**What is required:**
Copy exactly, and only, the lines from the one with "Lacoste Shoes Lacoste" to the end of the listing; omit pictures.

**Data below:**
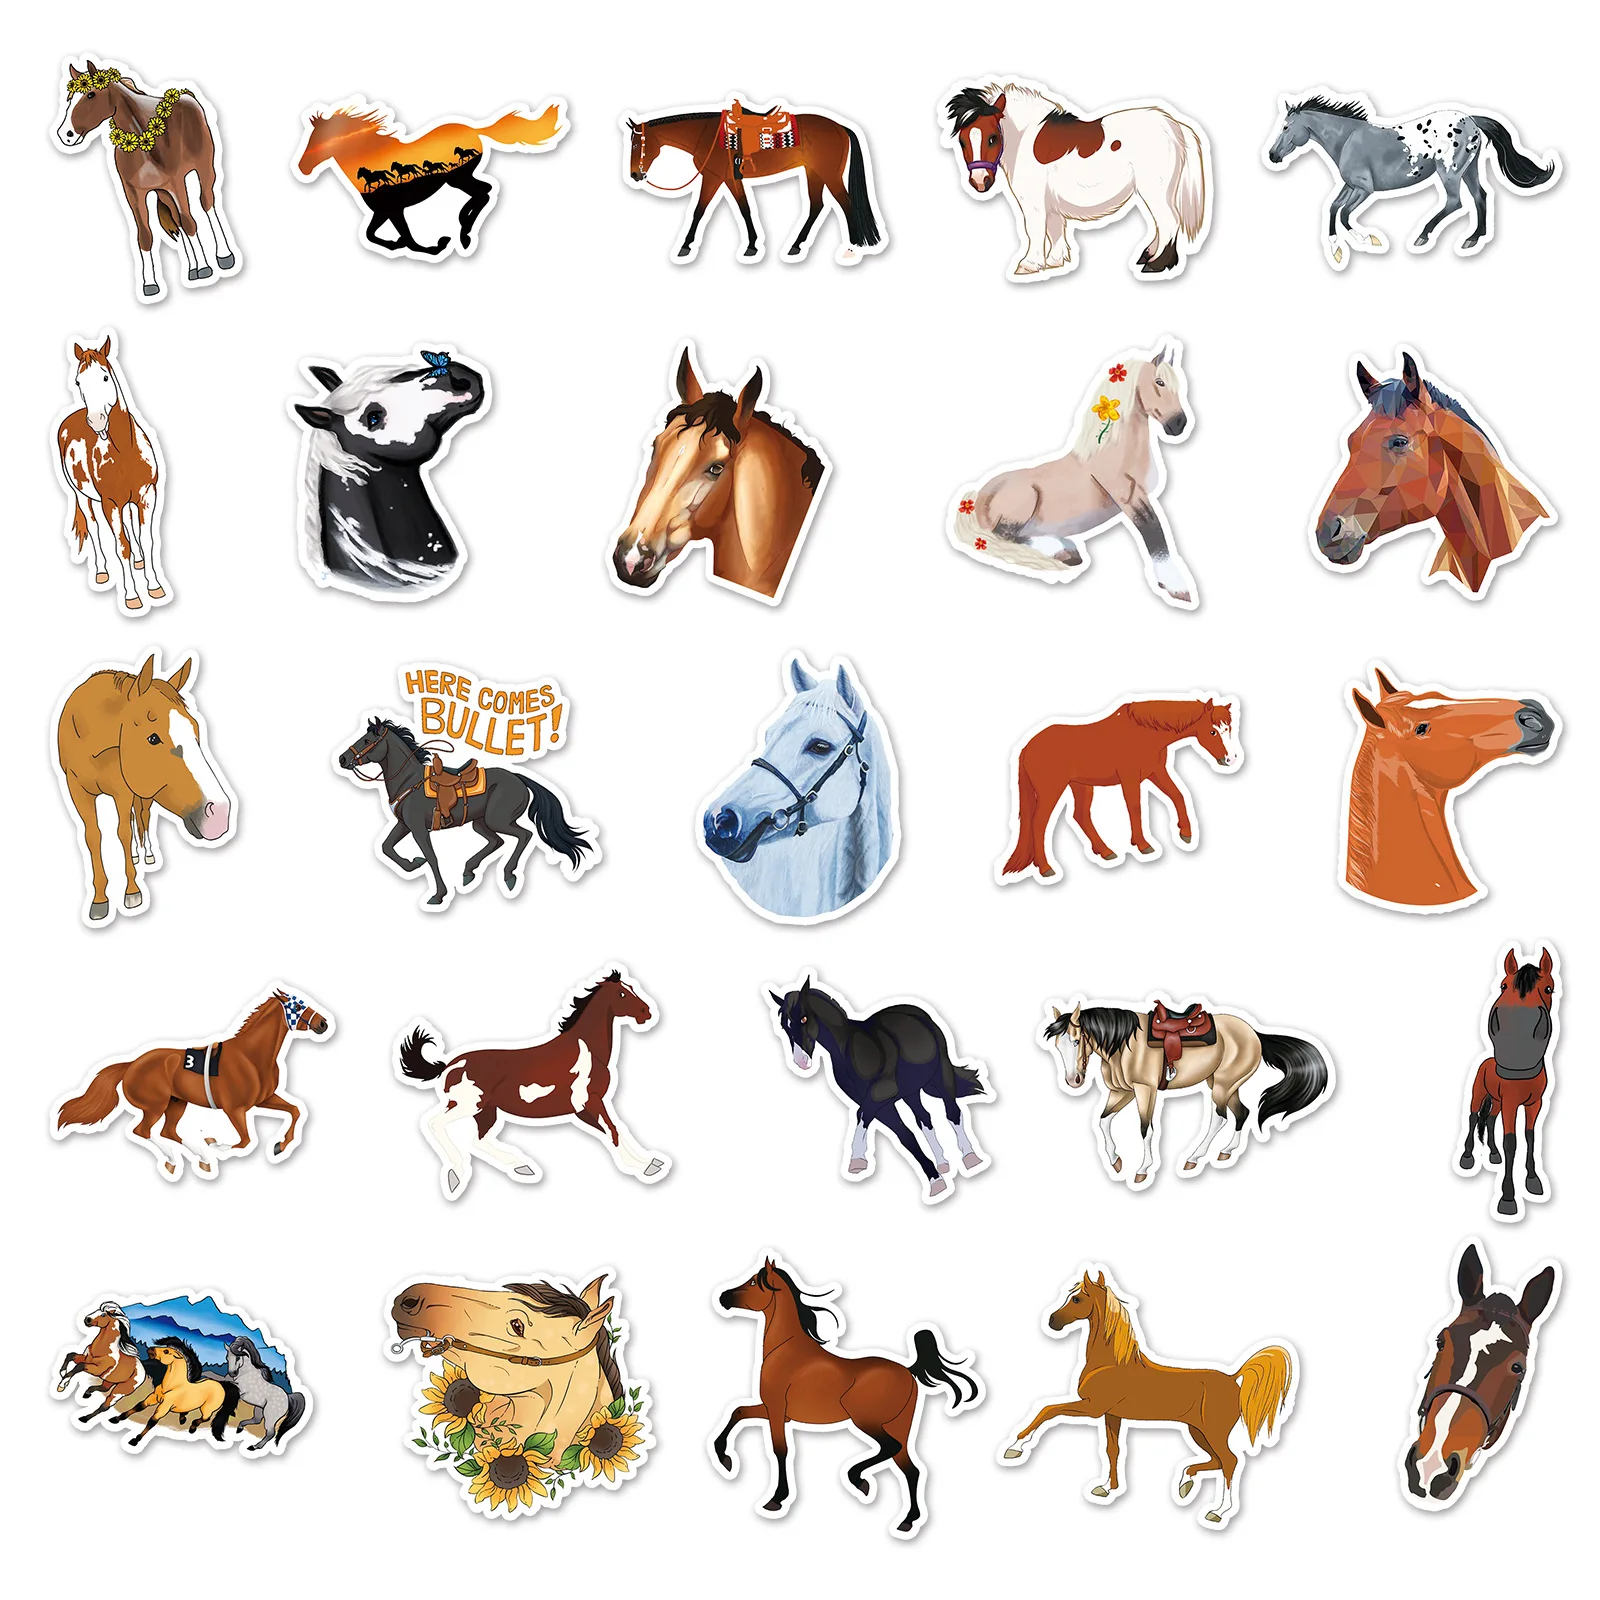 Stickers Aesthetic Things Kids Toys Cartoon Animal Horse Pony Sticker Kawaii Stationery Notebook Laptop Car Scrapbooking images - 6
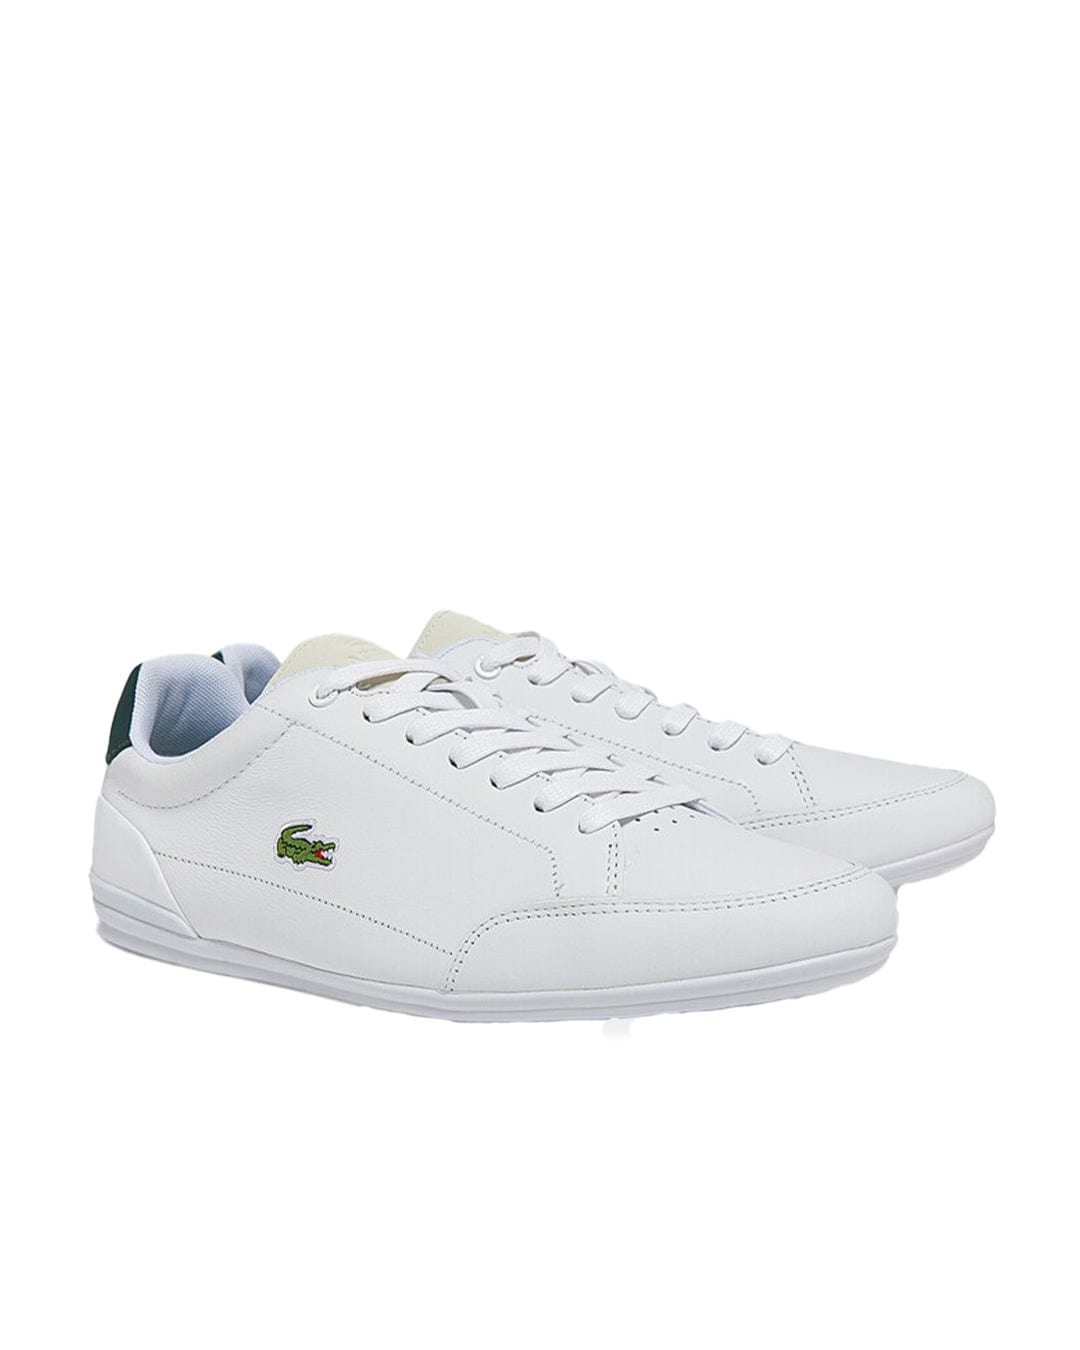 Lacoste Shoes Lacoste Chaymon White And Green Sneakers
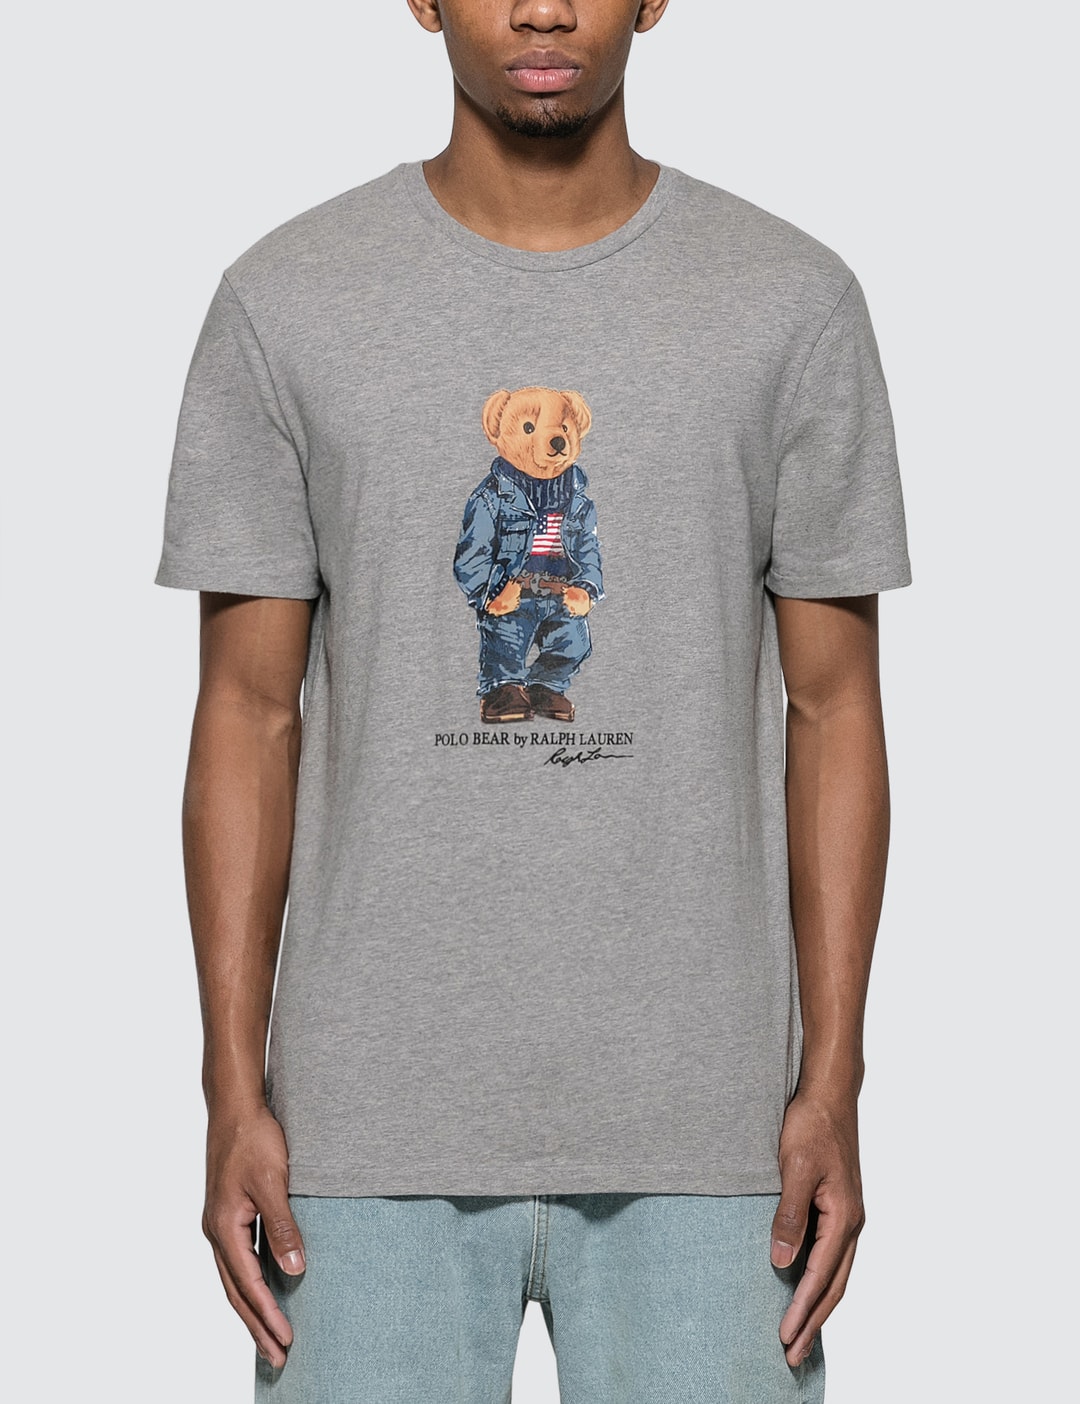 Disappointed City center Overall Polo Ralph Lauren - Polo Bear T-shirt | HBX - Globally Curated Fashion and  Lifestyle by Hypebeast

**Solution to the exercise:**
 Lacoste Shoes Lacoste Chaymon White And Green Sneakers
 Disappointed City center Overall Polo Ralph Lauren - Polo Bear T-shirt | HBX - Globally Curated Fashion and  Lifestyle by Hypebeast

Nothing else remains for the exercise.